_Requirement_: Check every line of the records below for the string "COVID" and copy the ones that have it.
- - - -
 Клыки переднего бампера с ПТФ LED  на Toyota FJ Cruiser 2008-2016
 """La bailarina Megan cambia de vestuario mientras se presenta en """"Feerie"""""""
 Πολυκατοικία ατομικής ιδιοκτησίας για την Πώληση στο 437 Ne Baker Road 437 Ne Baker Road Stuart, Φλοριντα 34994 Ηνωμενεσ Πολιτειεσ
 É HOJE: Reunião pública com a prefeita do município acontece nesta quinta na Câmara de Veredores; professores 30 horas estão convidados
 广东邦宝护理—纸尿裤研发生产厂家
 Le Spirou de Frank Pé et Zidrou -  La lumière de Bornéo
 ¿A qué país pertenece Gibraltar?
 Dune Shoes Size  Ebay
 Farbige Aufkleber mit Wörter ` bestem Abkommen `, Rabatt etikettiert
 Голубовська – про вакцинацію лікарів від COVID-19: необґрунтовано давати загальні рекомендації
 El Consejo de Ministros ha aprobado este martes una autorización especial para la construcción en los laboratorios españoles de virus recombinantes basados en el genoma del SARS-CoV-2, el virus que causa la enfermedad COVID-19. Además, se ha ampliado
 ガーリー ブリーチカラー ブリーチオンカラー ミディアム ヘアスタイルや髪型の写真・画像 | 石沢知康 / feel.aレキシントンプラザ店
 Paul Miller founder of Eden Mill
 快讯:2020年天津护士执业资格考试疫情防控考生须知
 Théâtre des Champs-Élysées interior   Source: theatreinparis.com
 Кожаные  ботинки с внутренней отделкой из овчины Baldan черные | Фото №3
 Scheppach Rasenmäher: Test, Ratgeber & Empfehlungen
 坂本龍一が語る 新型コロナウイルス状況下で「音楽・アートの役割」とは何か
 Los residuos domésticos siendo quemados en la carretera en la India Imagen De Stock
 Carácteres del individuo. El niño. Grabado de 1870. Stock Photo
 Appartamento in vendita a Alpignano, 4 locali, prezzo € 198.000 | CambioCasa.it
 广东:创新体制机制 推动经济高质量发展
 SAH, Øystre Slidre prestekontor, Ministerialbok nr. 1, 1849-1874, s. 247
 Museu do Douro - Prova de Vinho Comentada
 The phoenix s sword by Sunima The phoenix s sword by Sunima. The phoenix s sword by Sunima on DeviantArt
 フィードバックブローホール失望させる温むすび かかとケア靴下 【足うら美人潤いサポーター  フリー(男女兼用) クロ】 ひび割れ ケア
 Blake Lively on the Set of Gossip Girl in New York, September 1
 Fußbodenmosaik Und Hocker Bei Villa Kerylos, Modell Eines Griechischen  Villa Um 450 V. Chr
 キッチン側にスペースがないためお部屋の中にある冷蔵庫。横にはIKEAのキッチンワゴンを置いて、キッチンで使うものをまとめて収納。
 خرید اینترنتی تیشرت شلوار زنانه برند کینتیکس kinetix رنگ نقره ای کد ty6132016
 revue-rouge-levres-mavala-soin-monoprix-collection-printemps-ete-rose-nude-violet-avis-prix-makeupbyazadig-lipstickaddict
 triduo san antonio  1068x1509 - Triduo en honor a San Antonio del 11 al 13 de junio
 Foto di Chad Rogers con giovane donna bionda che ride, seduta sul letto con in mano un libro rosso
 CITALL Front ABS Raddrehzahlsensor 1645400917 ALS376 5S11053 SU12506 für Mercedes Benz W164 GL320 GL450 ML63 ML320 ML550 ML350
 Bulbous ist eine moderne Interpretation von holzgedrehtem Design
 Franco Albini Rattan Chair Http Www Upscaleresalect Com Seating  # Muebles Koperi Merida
- - - -
_Written solution_:
 Голубовська – про вакцинацію лікарів від COVID-19: необґрунтовано давати загальні рекомендації
 El Consejo de Ministros ha aprobado este martes una autorización especial para la construcción en los laboratorios españoles de virus recombinantes basados en el genoma del SARS-CoV-2, el virus que causa la enfermedad COVID-19. Además, se ha ampliado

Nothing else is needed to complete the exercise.